The report presented tracker mortgages as a way to ensure cash‑rate moves flowed through more “transparently” to borrowers.
“This can ease the price uncertainty faced by mortgage holders, but it does not eliminate that uncertainty, unlike long-term fixed interest rate products which provide greater certainty,” it said.
The second major feature floated was a fixed‑payment loan, positioned as particularly suitable for borrowers on fixed or low incomes, which prioritised certainty.
“This loan type involves variable interest rates, but payments remain static, with the borrower paying more or less on the principal of the loan depending on this adjustment,” it noted.
The paper underscored that such product innovations should be paired with mechanisms that automatically move customers stuck on “very bad deals” to cheaper loans to reduce the stock of long‑term mortgage borrowers in the system.
LMI and hardship: From ‘worst of all worlds’ to a mortgage charter
On insurance, the paper delivered a blunt assessment of Australia’s primarily privately run LMI market, saying that the current model loaded extra cost onto high‑LVR borrowers without providing them with meaningful protection.
It contrasted Australia with other countries where government‑issued or backed mortgage insurance was common.
The authors outlined that the way LMI currently operated left borrowers paying for cover, which mainly protected lenders.
“Australian borrowers get the worst of all worlds with LMI. If they have a small deposit and are not eligible for first home buyer schemes, they pay insurance which protects the lender against risk of default,” the report read.
“Borrowers get no insurance coverage themselves and no support through better deals, discounted rates or assistance to maintain their loans if they experience hardship.”
To rectify this, the paper called for better public data on LMI market size, customer profiles, and claims ratios.
It also lobbied for measures such as shortfall payments and switching barriers, with options ranging from limiting the LMI market to redesigning or replacing it with more direct government intervention.
The paper noted that internationally, government insurance was often targeted to specific cohorts and was sometimes used to incentivise behaviours such as new construction, affordable housing, and energy‑efficient upgrades.

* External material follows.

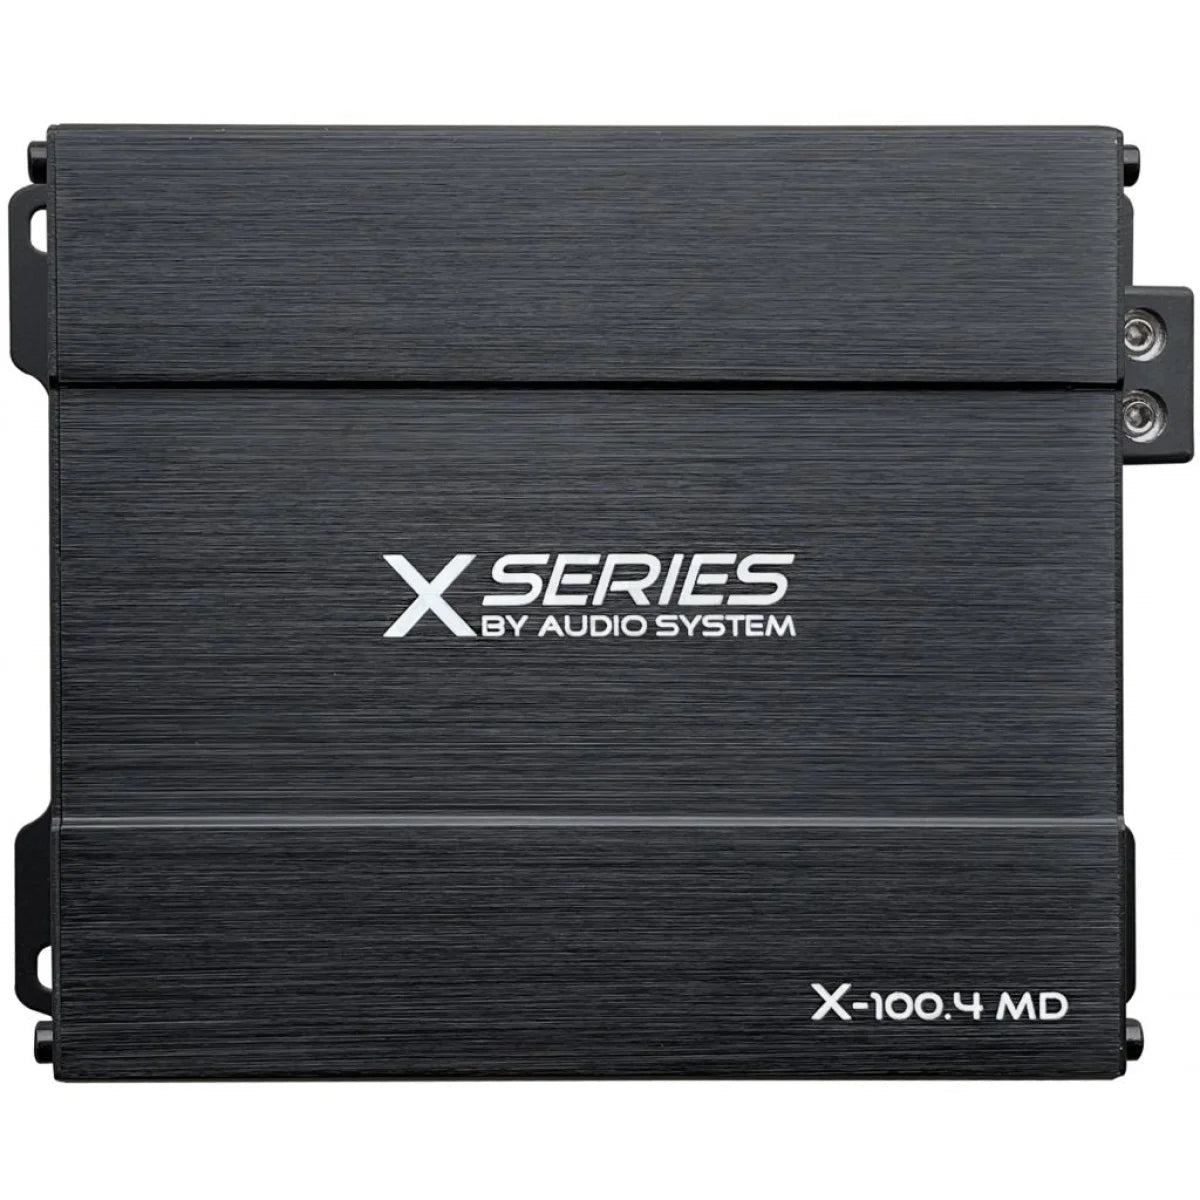 AUDIO Verstärker SYSTEM 4-Kanal MD X-100.4

The final pillar of the package was to advocate a mandatory mortgage charter, which the report said was needed to ensure hardship support was consistent and transparent.
“Lenders have an obligation to consider requests for help and tailor assistance according to customer circumstances, but specific obligations on the type of help they offer are absent,” it stated.

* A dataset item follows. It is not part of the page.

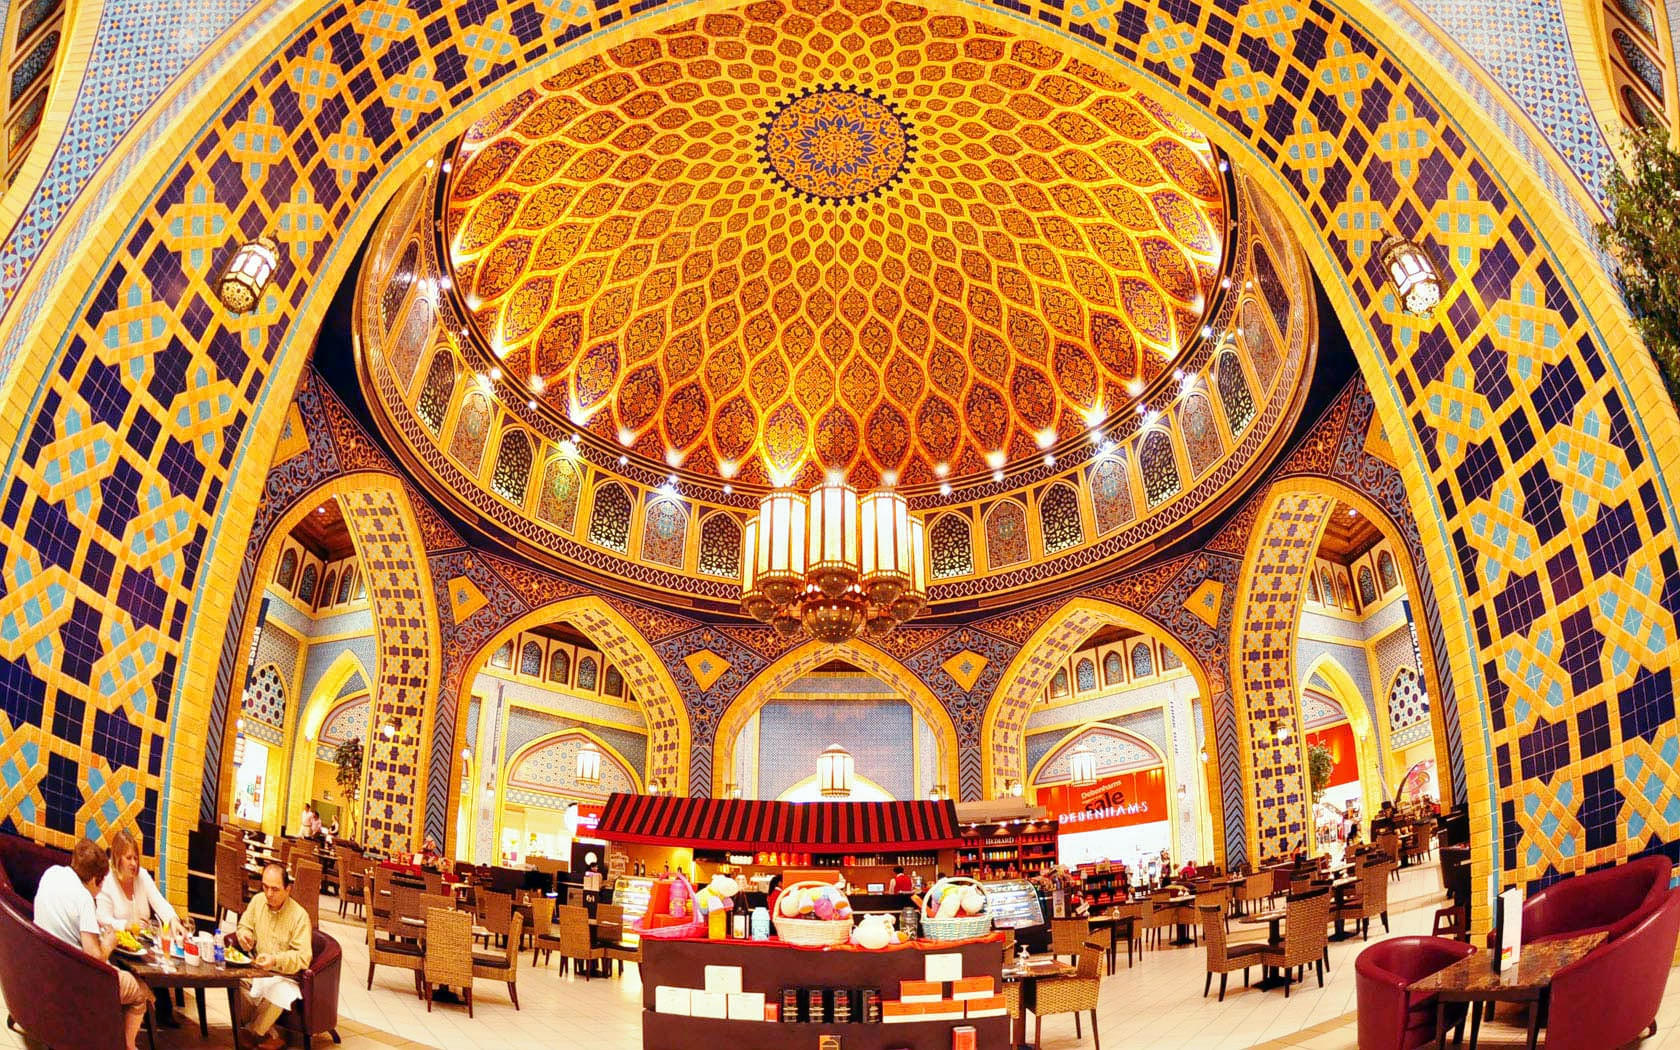 Ibn Battuta Mall Overview

“Hardship requirements are different between lenders – we have built a system based on the type of lender rather than the needs of the human experiencing the problem.”
Under the proposed charter, minimum protections would include the right to switch to a better loan during refinancing without additional affordability checks and receiving contacts from lenders before fixed‑rate periods ended.
It also encompassed early‑intervention obligations, fee and cost protections, and special measures such as full payment pauses and extended hardship periods for victim‑survivors of family violence.